Semiconductor test products
Central test platforms include UltraFLEX and UltraFLEXplus for SoC devices, the Magnum family (including Magnum EPIC) for memory devices, and the Eagle platform with the ETS-88 and ETS-800 for power and analog devices, including silicon-carbide and gallium-nitride components used in vehicle electrification. For complex system-in-package devices, Teradyne also offers the Titan platform for system-level test.
Robotics
In 2015 Teradyne acquired the Danish manufacturer Universal Robots and has since also been active in collaborative robotics (cobots). On April 26, 2018, it followed with the roughly $272 million acquisition of Mobile Industrial Robots (MiR, $148 million upfront plus $124 million in milestone payments through 2020), maker of autonomous mobile robots such as the MiR200 (about 200 kg payload, cleanroom-certified). At the time of acquisition MiR had 132 distributors across 40 countries. Universal Robots offers the UR3e, UR5e, UR10e, UR16e, UR20 and UR30 cobot lines for applications such as machine tending, palletizing, assembly, welding and quality inspection.
Positioning
Teradyne combines two growth areas: test systems, demand for which rises with the complexity of modern AI chips, and collaborative robotics as a building block of increasingly automated production. In the test business, Teradyne and Japan's Advantest form what market observers describe as a duopoly; together with smaller rival Cohu, the three hold roughly 55% of the automated test equipment market. In 2025 Teradyne further strengthened its position by acquiring a probe-card design house and taking a roughly $516 million, 10% stake in Technoprobe, while divesting its own Device Interface business.
Key figures
For fiscal year 2025 Teradyne reported revenue of roughly $3.19 billion (up 13% from $2.82 billion in 2024) and GAAP net income of $554.0 million. In the fourth quarter of 2025, of $1,083 million in revenue, about $883 million came from Semiconductor Test, $110 million from Product Test and $89 million from Robotics; since March 2025 Teradyne has reported in these three segments rather than the previous two. Wikipedia cites about 6,500 employees for 2024. The shares trade on Nasdaq under the ticker TER.
Test technology in the AI era
Teradyne's core business, the automatic testing of semiconductors, grows in importance as modern chips become more complex: the more elaborate a chip, the more demanding its testing before shipment. Teradyne is thus indirectly involved in building AI compute capacity, because AI accelerators and memory components must be tested too.
A second pillar in robotics
With Universal Robots (collaborative robots) and MiR (autonomous mobile robots), Teradyne has built a second pillar in flexible automation.
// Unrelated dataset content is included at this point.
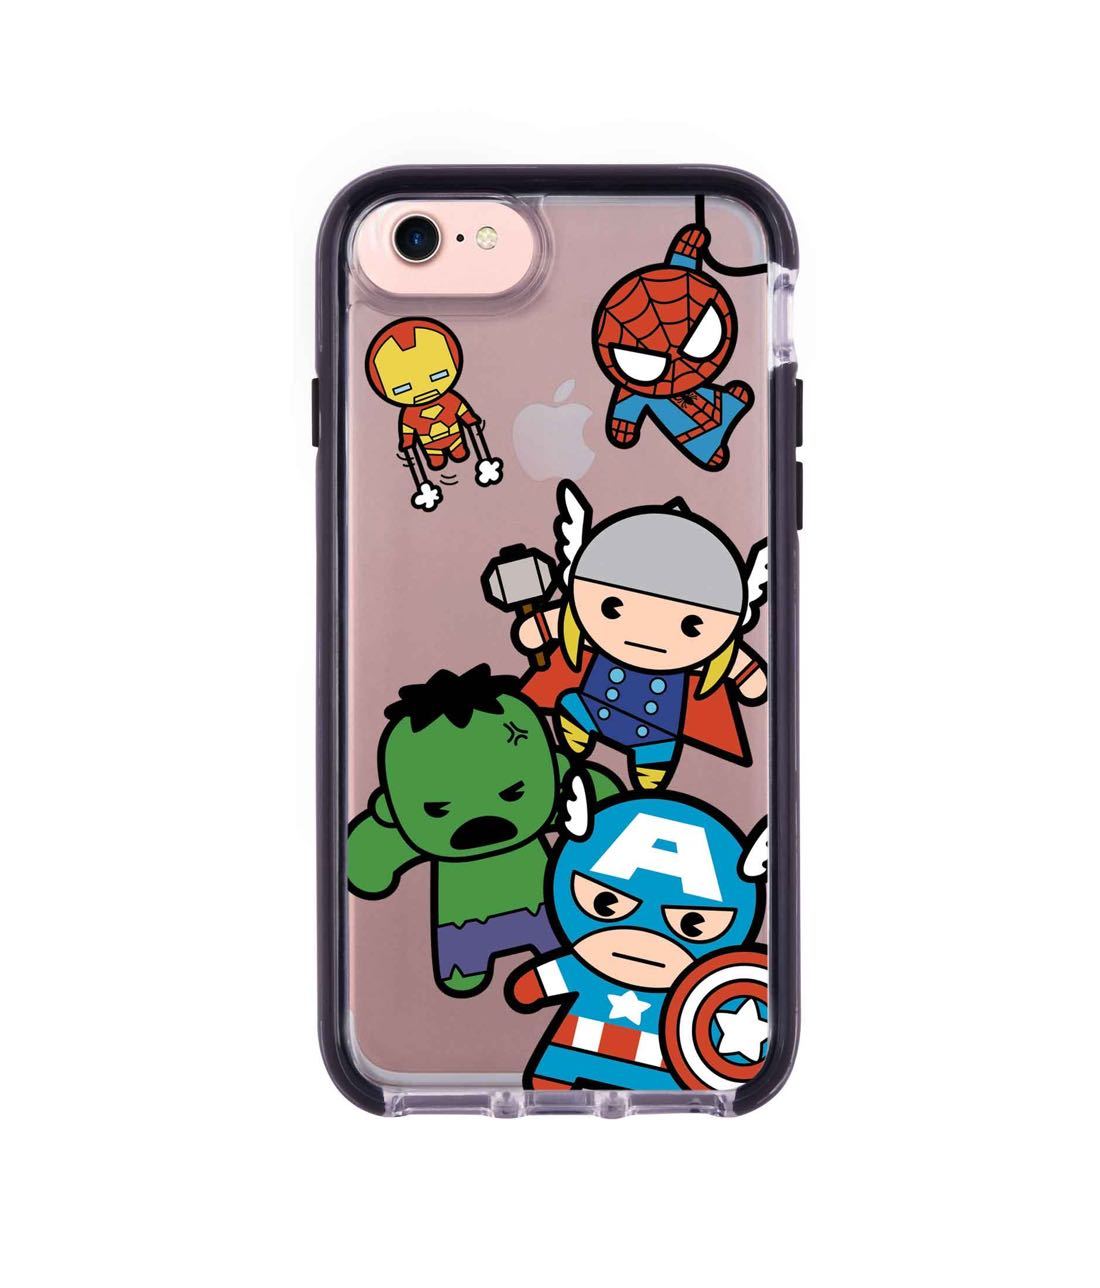 Kawaii Art Marvel Comics - Extreme Phone Case for iPhone 7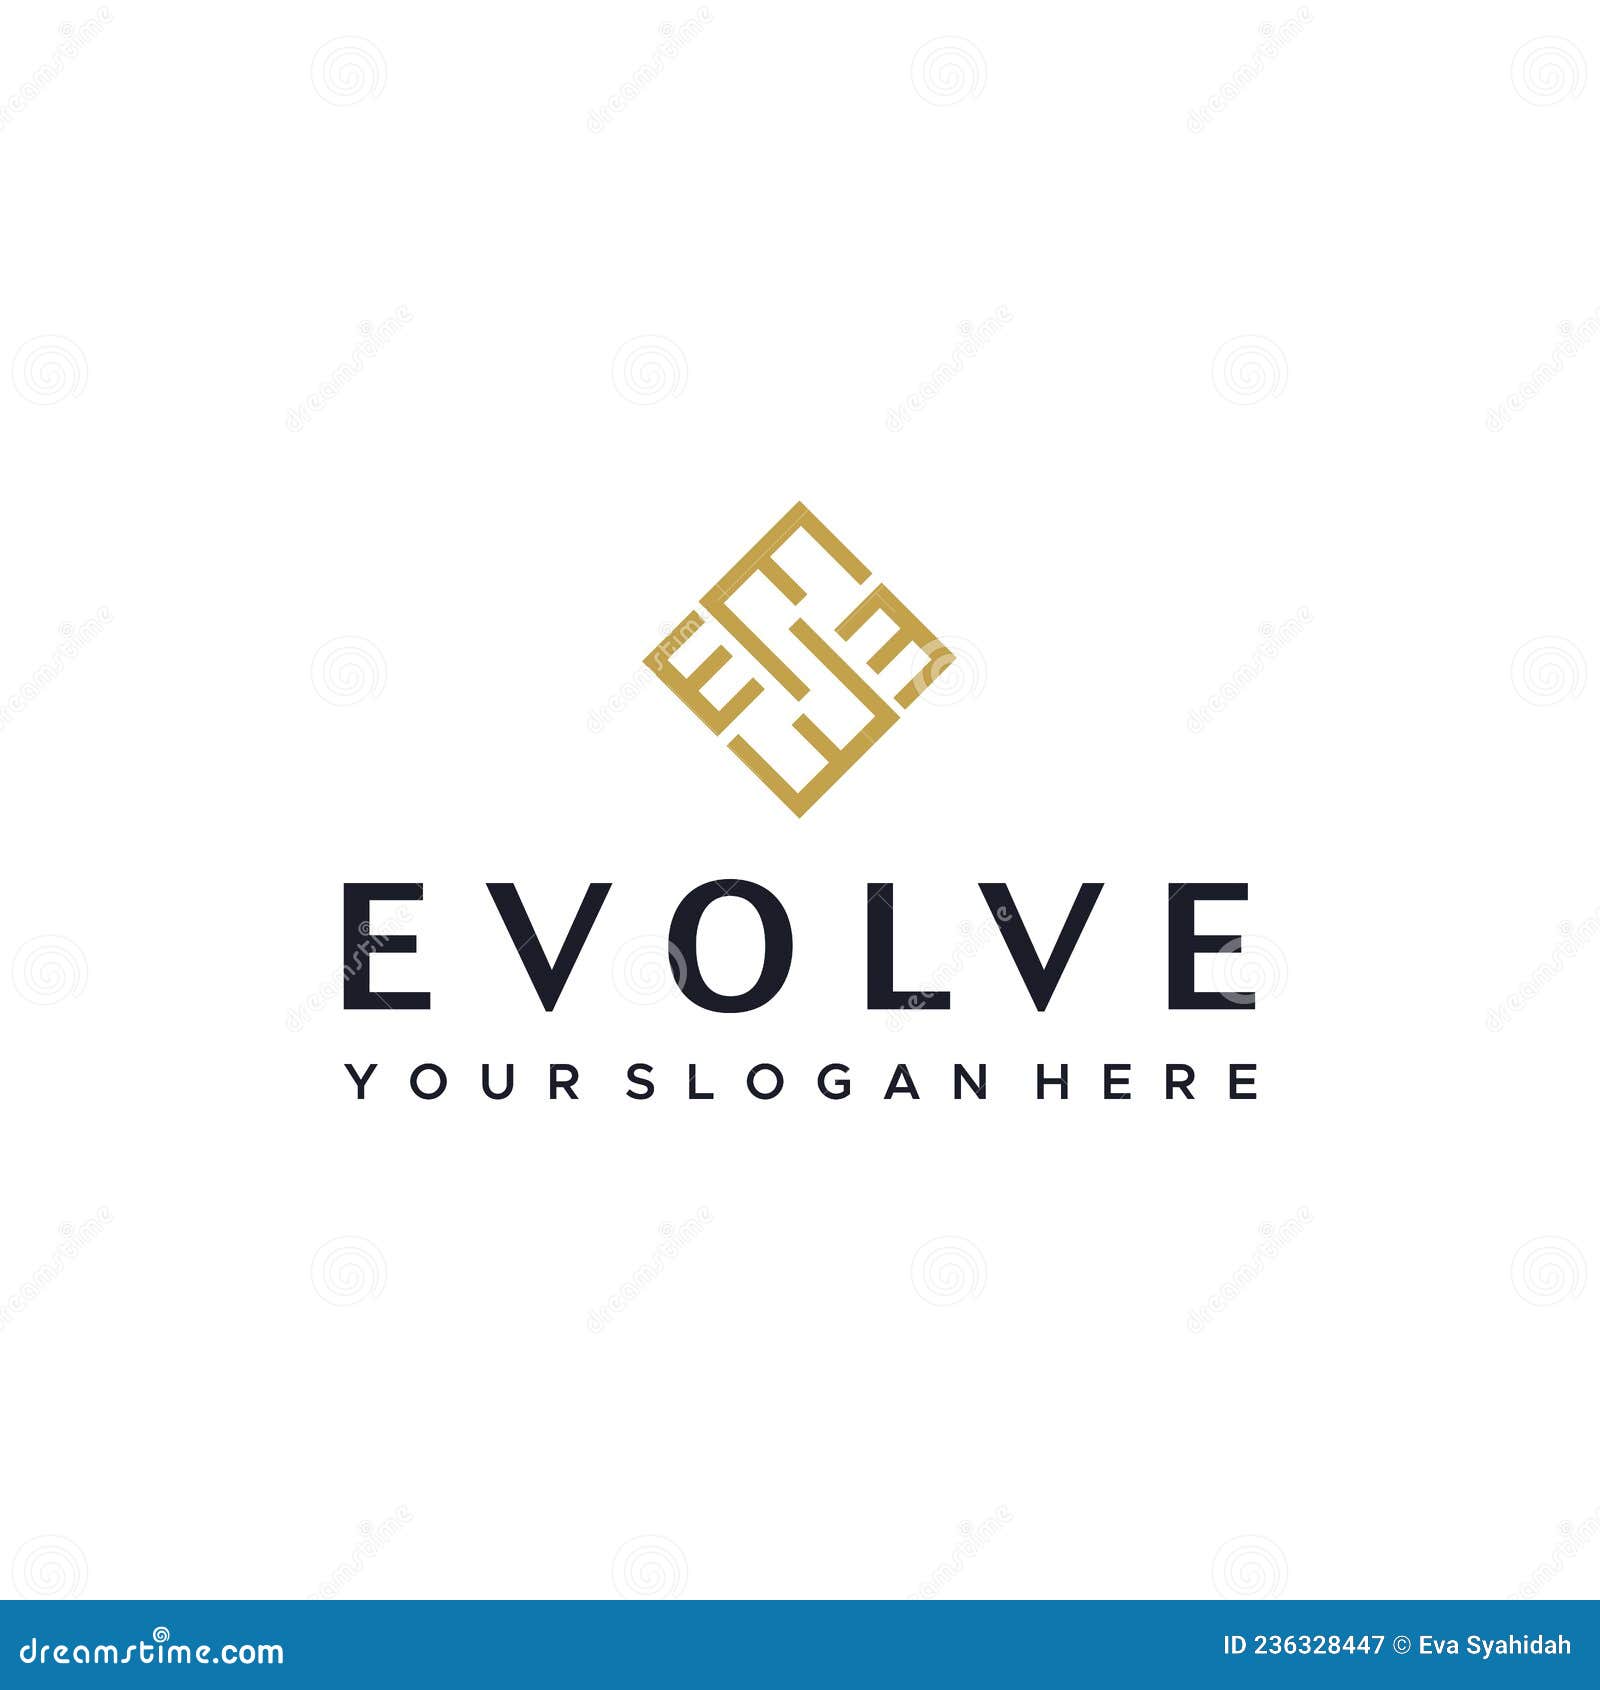 Branding - Evolve Marketing B2B digital agency, Milton Keynes, Northampton

These systems often target smaller and medium-sized businesses that introduce automation step by step. The test business is cyclical and shaped by the semiconductor economy, while the robotics segment participates in long-term automation trends. The combination of both fields gives Teradyne a broader footing but also exposes the company to competition in two different markets.
This profile is a neutral description and is not investment advice.